In other words, while Lenin had a revolutionary perspective, and repeated that the struggle for power was on the order of the day, he did not guarantee that the actual proletarian rising would occur on this or that day, and he did not guarantee either that the first rising would lead to victory. He would not and could not say whether the revolution “will come in connection with the first or second imperialist war”. Not only Lenin, but Trotsky as well. Dealing in his War and the International in 1915 with the alternatives of revolution or capitalist peace and temporary stabilization, Trotsky wrote: “Which of the two prospects is the more probable? This cannot possibly be theoretically determined in advance. The issue depends entirely upon the activity of the vital forces of society—above all upon the revolutionary social democracy.” (My emphasis—M.S.) And so it does today also.
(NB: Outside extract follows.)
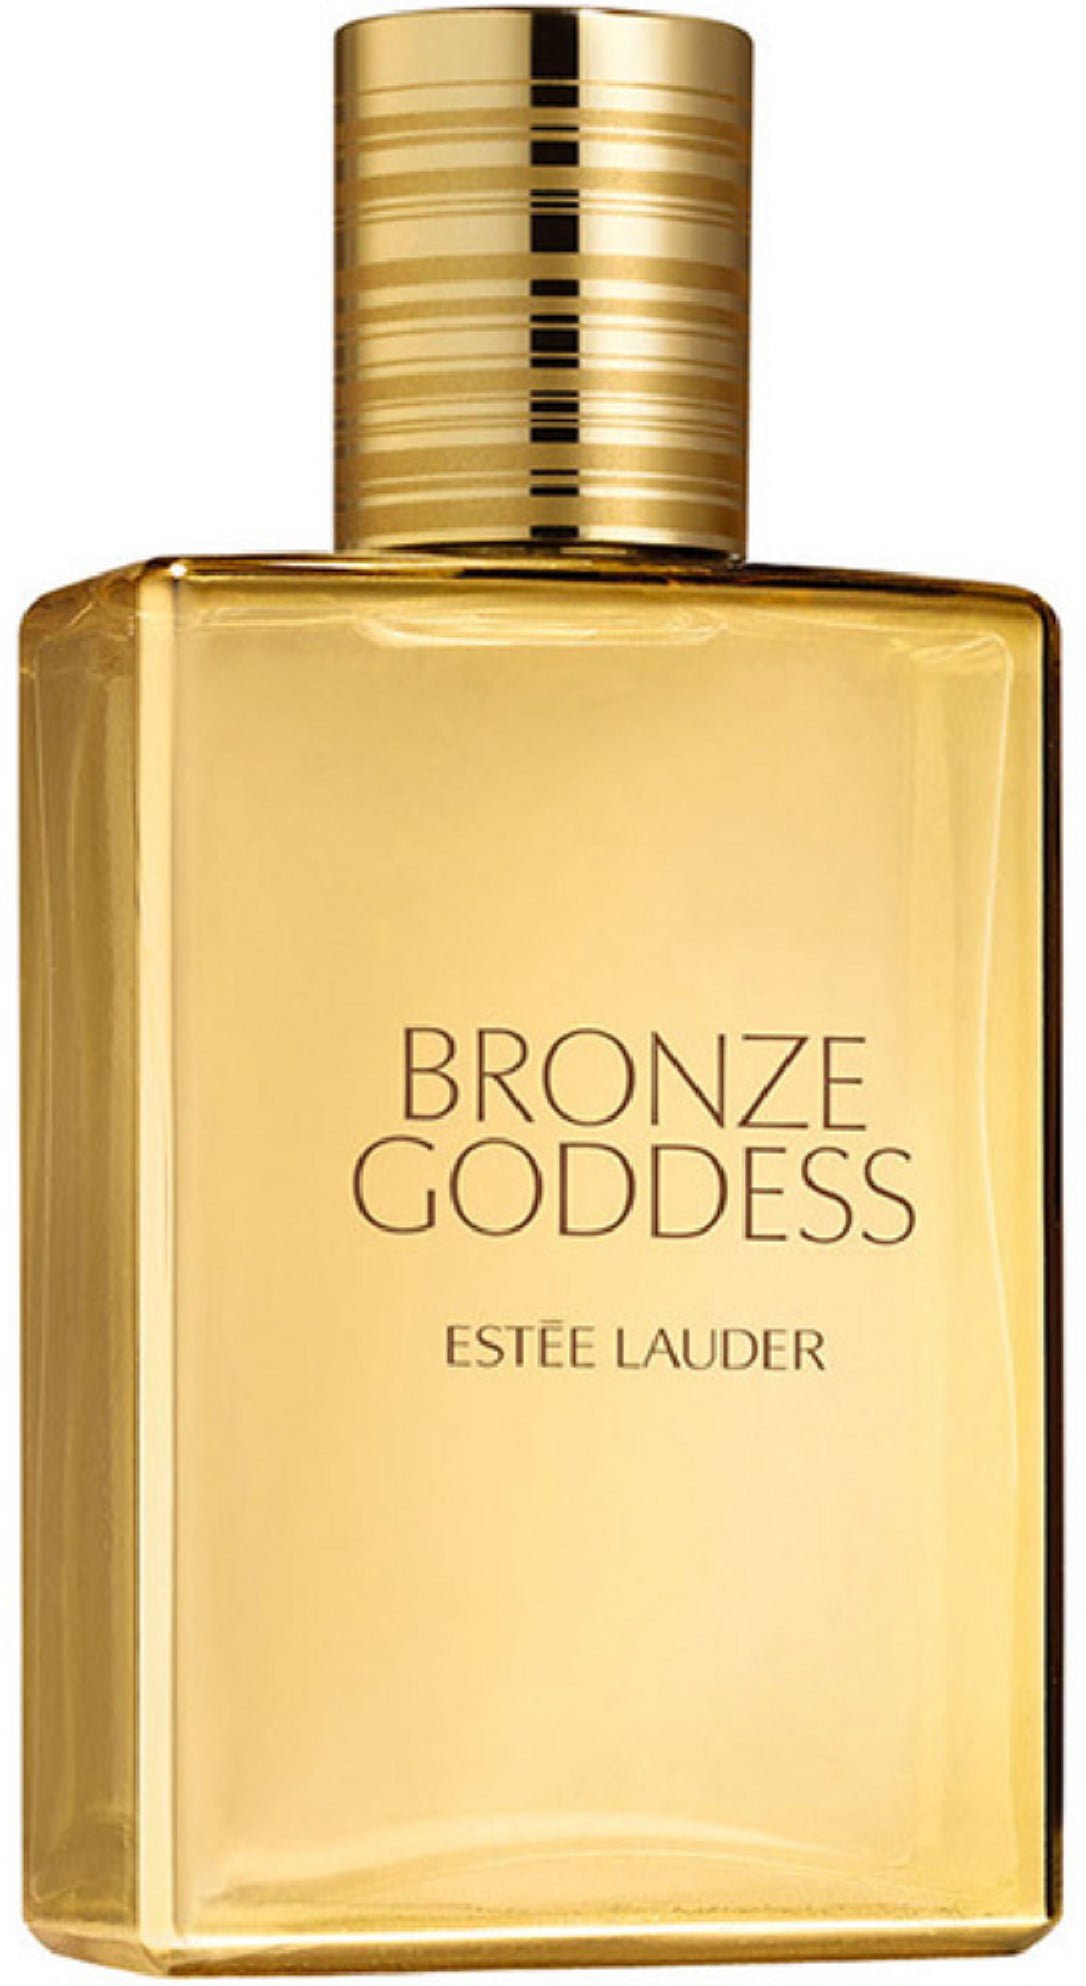 Uden for lidelse menneskemængde Estee Lauder Bronze Goddess Eau Fraiche Perfume for Women, 3.4 Oz -  Walmart.com

“Lenin,” writes Cannon, “obviously was not arguing about the immediacy of the revolution as we visualize it in connection with the present war, but about the necessity of advocating it and preparing for it.” Cannon’s persistency in arguing this point is noteworthy. Lenin didn’t see revolution as the immediate outcome of the war. Presumably, Cannon’s repetition of this statement means that he, on the contrary, does have the perspective of an immediate revolution in connection with the war. Lenin wasn’t entirely sure of “the victory of the proletarian revolution as the immediate outcome of the first world war”, whereas Cannon is sure of the victory this time. And it is this difference that apparently warrants the “new policy” which, remember, is only an “extension,” an “adaptation” of the old.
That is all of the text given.